针对Caffe下特殊操作实现
本篇博客主要讲解Caffe下一些特殊操作的实现,主要涉及MobileNet深度可分离卷积操作的实现、ShuffleNet的通道混洗操作、CenterLoss损失函数的实现
系统:Linux-Ubuntu
MobileNet-DepthwiseConvolution在Caffe下实现
我用的是Github上shicai的源码,可在以下链接进行下载:Github上DepthwiseConvolution实现源码下载
深度可分离卷积操作即(DepthwiseConvolution)的实现不需要对Caffe目录下的/src/caffe/proto/caffe.proto进行修改。
下载链接中的代码后,在目录caffe下有两个文件夹:include和src
在两个文件夹下分别有我们需要的源码:
- include:depthwise_conv_layer.hpp
- src:depthwise_conv_layer.cpp、depthwise_conv_layer.cu
文件名字 | 文件用途 |
---|---|
depthwise_conv_layer.hpp | 头文件 |
depthwise_conv_layer.cpp | DepthwiseConvolution的CPU实现 |
depthwise_conv_layer.cu | DepthwiseConvolution的GPU实现 |
实现步骤
-
我们需要做的操作就是:
将include下的depthwise_conv_layer.hpp放到/caffeMS/include/caffe/layers/目录下
将src下的depthwise_conv_layer.cpp和 depthwise_conv_layer.cu放到/caffeMS/src/caffe/layers/目录下。
然后重新编译Caffe即可。
make all -j8
make test -j8
make runtest -j8
实际使用:
对dw层,即group参数大于1的层,将其type由"Convolution"改为 “DepthwiseConvolution”
layer {
name: "conv2_1/dw"
type: "DepthwiseConvolution"
bottom: "conv1"
top: "conv2_1/dw"
param {
lr_mult: 1.0
decay_mult: 1.0
}
convolution_param {
num_output: 32
bias_term: false
pad: 1
kernel_size: 3
group: 32
stride: 1
weight_filler {
type: "msra"
}
engine: CAFFE
}
}
- 不过,链接中下载的文件“transferTypeToDepthwiseConvolution.py”可以直接完成这个操作
python2 transferTypeToDepthwiseConvolution.py mobilenet_train.prototxt mobilenet_train_dw.prototxt
import caffe.proto.caffe_pb2 as caffe_pb2
from google.protobuf.text_format import Merge
import argparse
if __name__ == '__main__':
parser = argparse.ArgumentParser()
parser.add_argument('source_prototxt')
parser.add_argument('target_prototxt')
args = parser.parse_args()
net = caffe_pb2.NetParameter()
Merge(open(args.source_prototxt, 'r').read(), net)
for layer in net.layer:
if layer.type == "Convolution":
if layer.convolution_param.group !=1:
layer.type = "DepthwiseConvolution"
with open(args.target_prototxt, 'w') as tf:
tf.write(str(net))
源码:
depthwise_conv_layer.hpp
/*
* depthwise_conv_layer.hpp
*
* Created on: May 23, 2017
* Author: liuhao
*/
#ifndef CAFFE_DEPTHWISE_CONV_LAYER_HPP_
#define CAFFE_DEPTHWISE_CONV_LAYER_HPP_
#include <vector>
#include "caffe/blob.hpp"
#include "caffe/layer.hpp"
#include "caffe/proto/caffe.pb.h"
#include "caffe/layers/base_conv_layer.hpp"
namespace caffe {
/**
* @brief Convolves the input image with a bank of learned filters,
* and (optionally) adds biases.
*
* Caffe convolves by reduction to matrix multiplication.

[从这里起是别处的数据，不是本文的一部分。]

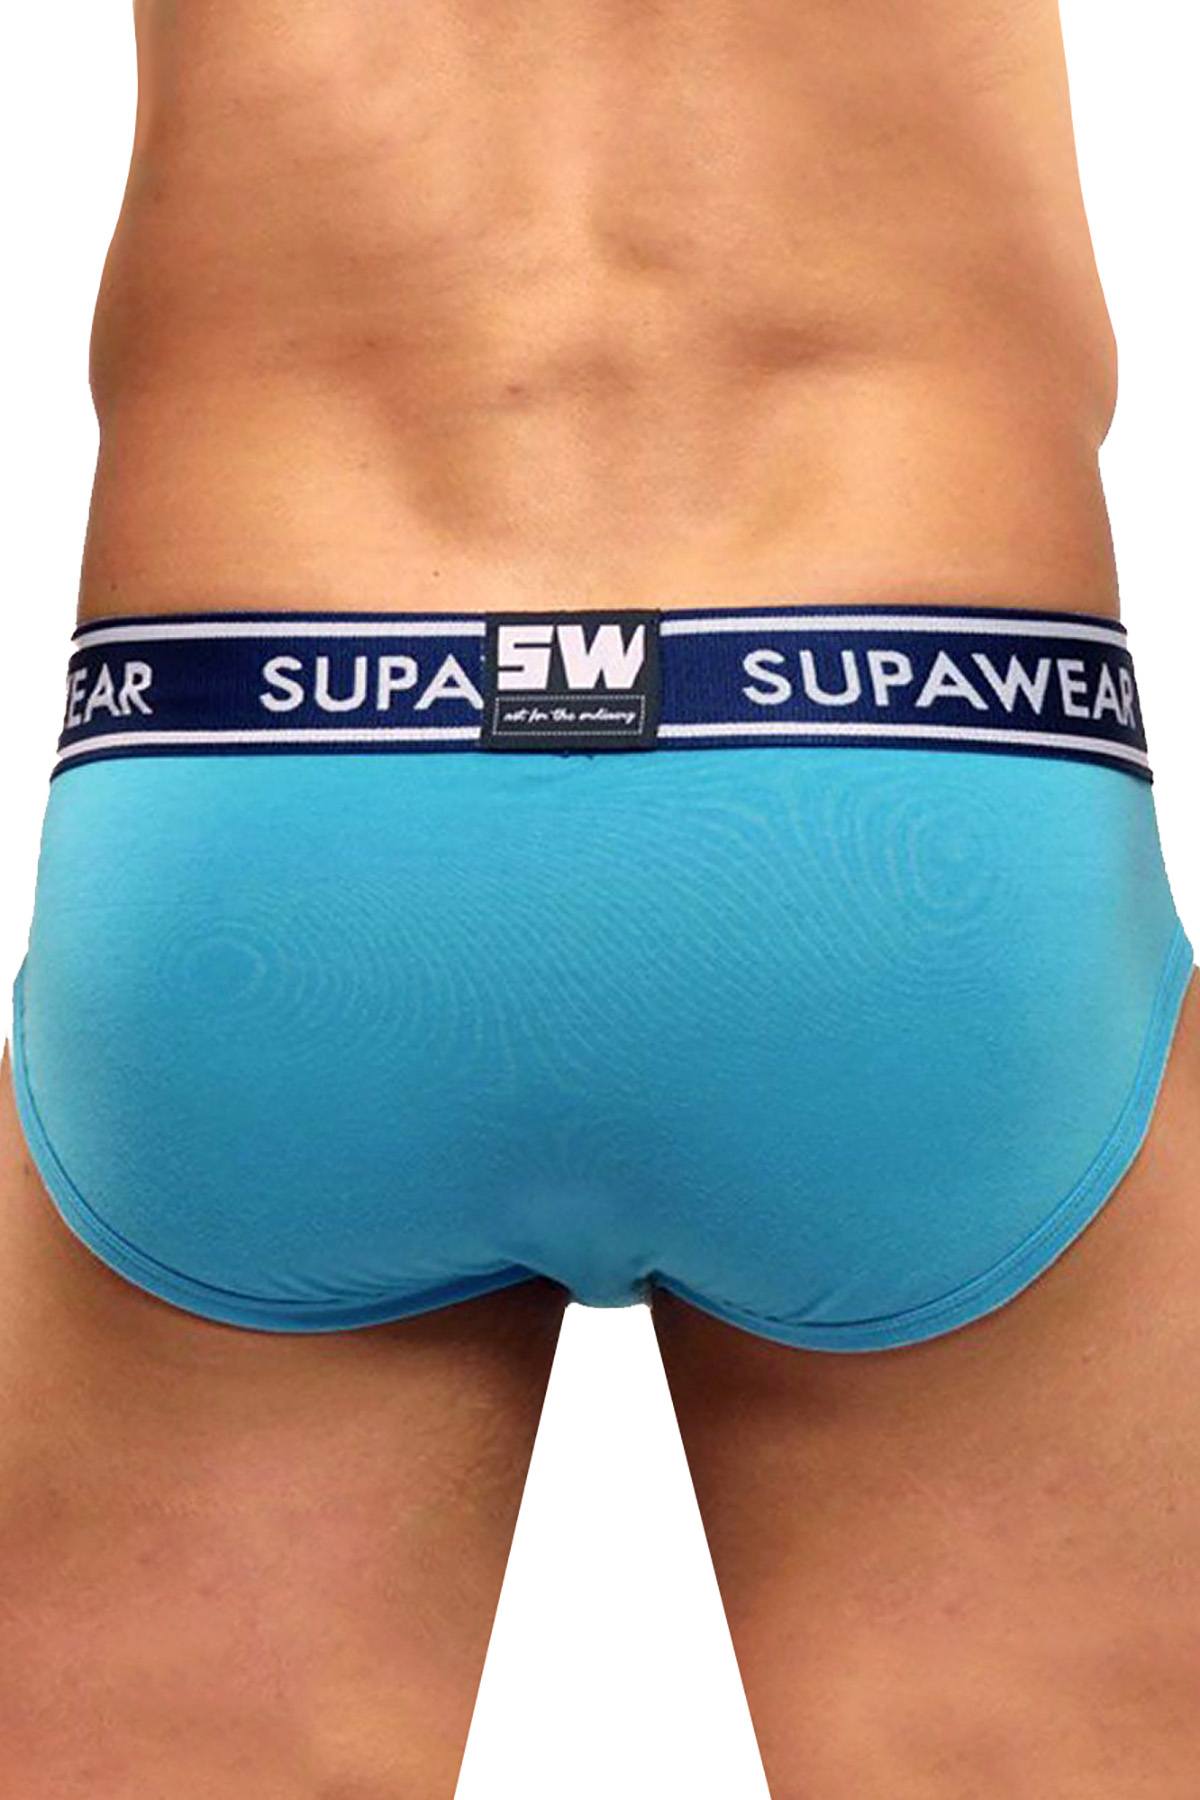 Supawear Blue SUPA DUPA MK2 Brief

This achieves
* high-throughput and generality of input and filter dimensions but comes at
* the cost of memory for matrices. This makes use of efficiency in BLAS.
*
* The input is "im2col" transformed to a channel K' x H x W data matrix
* for multiplication with the N x K' x H x W filter matrix to yield a
* N' x H x W output matrix that is then "col2im" restored. K' is the
* input channel * kernel height * kernel width dimension of the unrolled
* inputs so that the im2col matrix has a column for each input region to
* be filtered. col2im restores the output spatial structure by rolling up
* the output channel N' columns of the output matrix.
*/
template <typename Dtype>
class DepthwiseConvolutionLayer : public BaseConvolutionLayer<Dtype> {
public:
/**
* @param param provides ConvolutionParameter convolution_param,
* with ConvolutionLayer options:
* - num_output. The number of filters.
* - kernel_size / kernel_h / kernel_w. The filter dimensions, given by
* kernel_size for square filters or kernel_h and kernel_w for rectangular
* filters.
* - stride / stride_h / stride_w (\b optional, default 1). The filter
* stride, given by stride_size for equal dimensions or stride_h and stride_w
* for different strides. By default the convolution is dense with stride 1.
* - pad / pad_h / pad_w (\b optional, default 0). The zero-padding for
* convolution, given by pad for equal dimensions or pad_h and pad_w for
* different padding. Input padding is computed implicitly instead of
* actually padding.
* - dilation (\b optional, default 1). The filter
* dilation, given by dilation_size for equal dimensions for different
* dilation. By default the convolution has dilation 1.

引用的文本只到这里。